Hi, I'm currently considering setting up online backup procedure and I thought maybe it would be a useful feature if the online logs could be written into more than one place (something like oracle redo logs multiplexing). If I got it right if the server's filesystem crashes completely then the changes that haven't gone into an archived log will be lost. If the logs are written into more than one place the loss could be minimal. Best regards, -- Dmitry O Panov | mailto:dmitry@tsu.tula.ru Tula State University | Fidonet: Dmitry Panov, 2:5022/5.13 Dept. of CS & NIT | http://www.tsu.tula.ru/
On Wed, Dec 28, 2005 at 03:17:40PM +0300, Dmitry Panov wrote: > I'm currently considering setting up online backup procedure and I > thought maybe it would be a useful feature if the online logs could be > written into more than one place (something like oracle redo logs > multiplexing). > > If I got it right if the server's filesystem crashes completely then the > changes that haven't gone into an archived log will be lost.
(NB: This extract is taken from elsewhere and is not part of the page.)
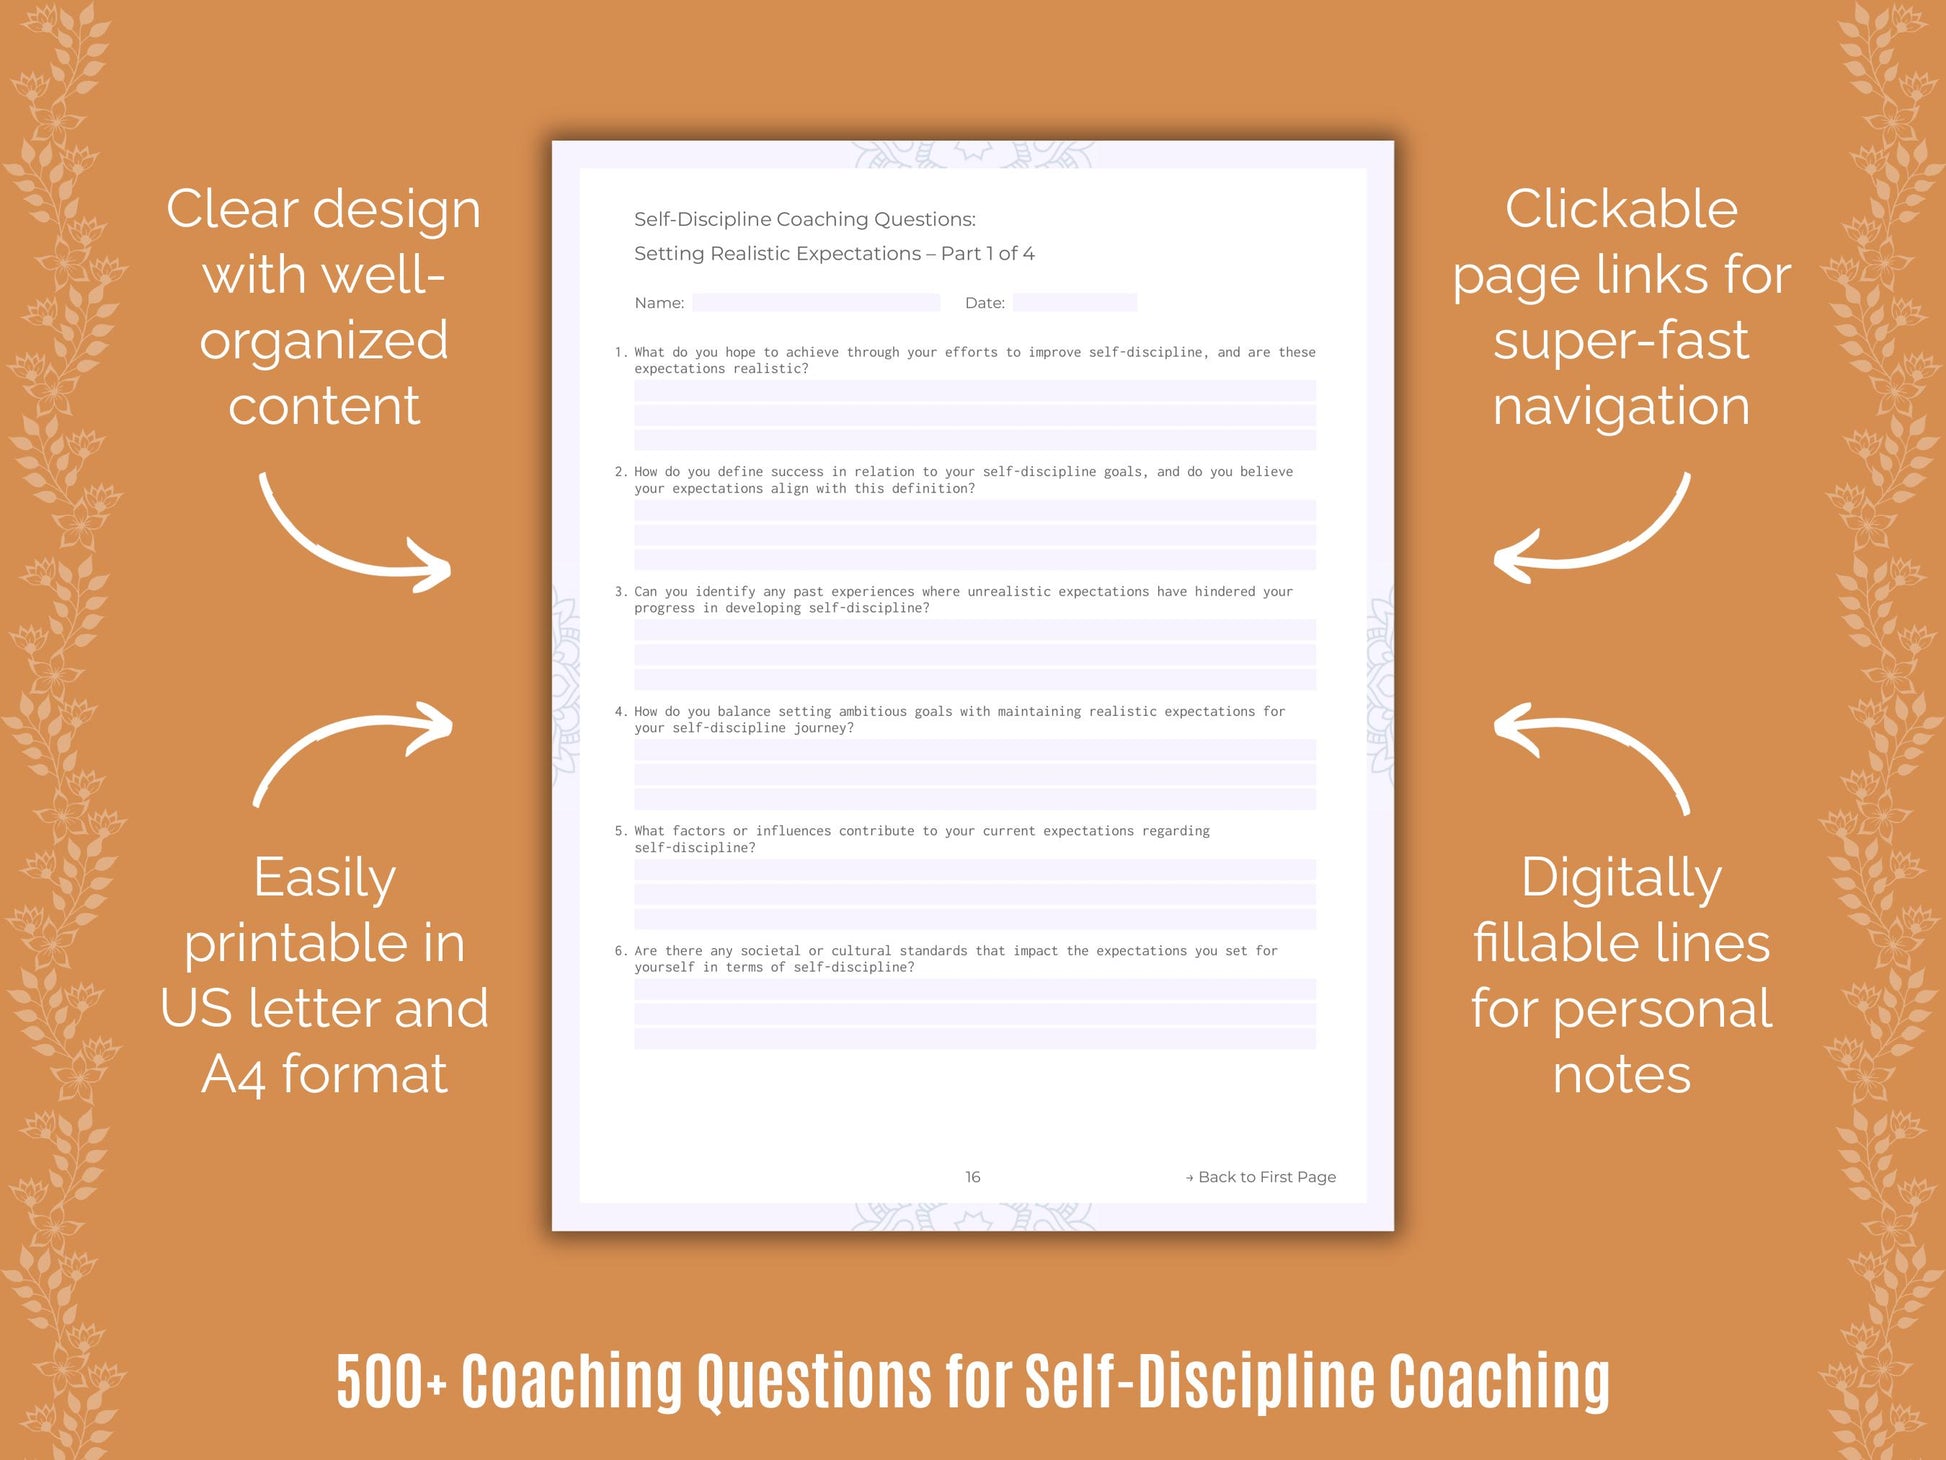 Self-Discipline Coaching Questions Resource

If the logs > are written into more than one place the loss could be minimal. So you think PostgreSQL should reimplement something that RAID controllers already do better? These are reasons you have backups and PITR and other such things. I don't think having the server log to multiple places really gains you anything... Have a nice day, -- Martijn van Oosterhout <kleptog@svana.org> http://svana.org/kleptog/ > Patent. n. Genius is 5% inspiration and 95% perspiration. A patent is a > tool for doing 5% of the work and then sitting around waiting for someone > else to do the other 95% so you can sue them.
Attachment
On Wed, 2005-12-28 at 13:38 +0100, Martijn van Oosterhout wrote: > On Wed, Dec 28, 2005 at 03:17:40PM +0300, Dmitry Panov wrote: > > I'm currently considering setting up online backup procedure and I > > thought maybe it would be a useful feature if the online logs could be > > written into more than one place (something like oracle redo logs > > multiplexing). > > > > If I got it right if the server's filesystem crashes completely then the > > changes that haven't gone into an archived log will be lost. If the logs > > are written into more than one place the loss could be minimal. > > So you think PostgreSQL should reimplement something that RAID > controllers already do better? > > These are reasons you have backups and PITR and other such things. I > don't think having the server log to multiple places really gains you > anything... > As long as the other location is at the same machine, I agree, RAID does a better job. However it can be an NFS mounted directory and then it's a totally different story. I can think of at least to major advantages it provides: 1. There are situations when the filesystem is totally lost even if it's RAID (broken power supply unit damages all the hard drives, plane hits the building and so on...) 2. Even if the data can be recovered consider the time it takes: it's usually much easier to switch to a hot standby instance than replacing the broken RAID controller or other hardware). In overall I think the feature could give significant improvement at relatively low cost. Best regards, -- Dmitry O Panov | mailto:dmitry@tsu.tula.ru Tula State University | Fidonet: Dmitry Panov, 2:5022/5.13 Dept. of CS & NIT | http://www.tsu.tula.ru/
On 12/28/05, Dmitry Panov <dmitry@tsu.tula.ru> wrote: > On Wed, 2005-12-28 at 13:38 +0100, Martijn van Oosterhout wrote: > > On Wed, Dec 28, 2005 at 03:17:40PM +0300, Dmitry Panov wrote: > > > I'm currently considering setting up online backup procedure and I > > > thought maybe it would be a useful feature if the online logs could be > > > written into more than one place (something like oracle redo logs > > > multiplexing). > > > > > > If I got it right if the server's filesystem crashes completely then the > > > changes that haven't gone into an archived log will be lost. If the logs > > > are written into more than one place the loss could be minimal. > >` When I set up PITR I felt like something was missing. You have to wait for the current log file to be closed before it gets copied off somewhere safe. I think this is something that should be seriously considered if it's not too hard.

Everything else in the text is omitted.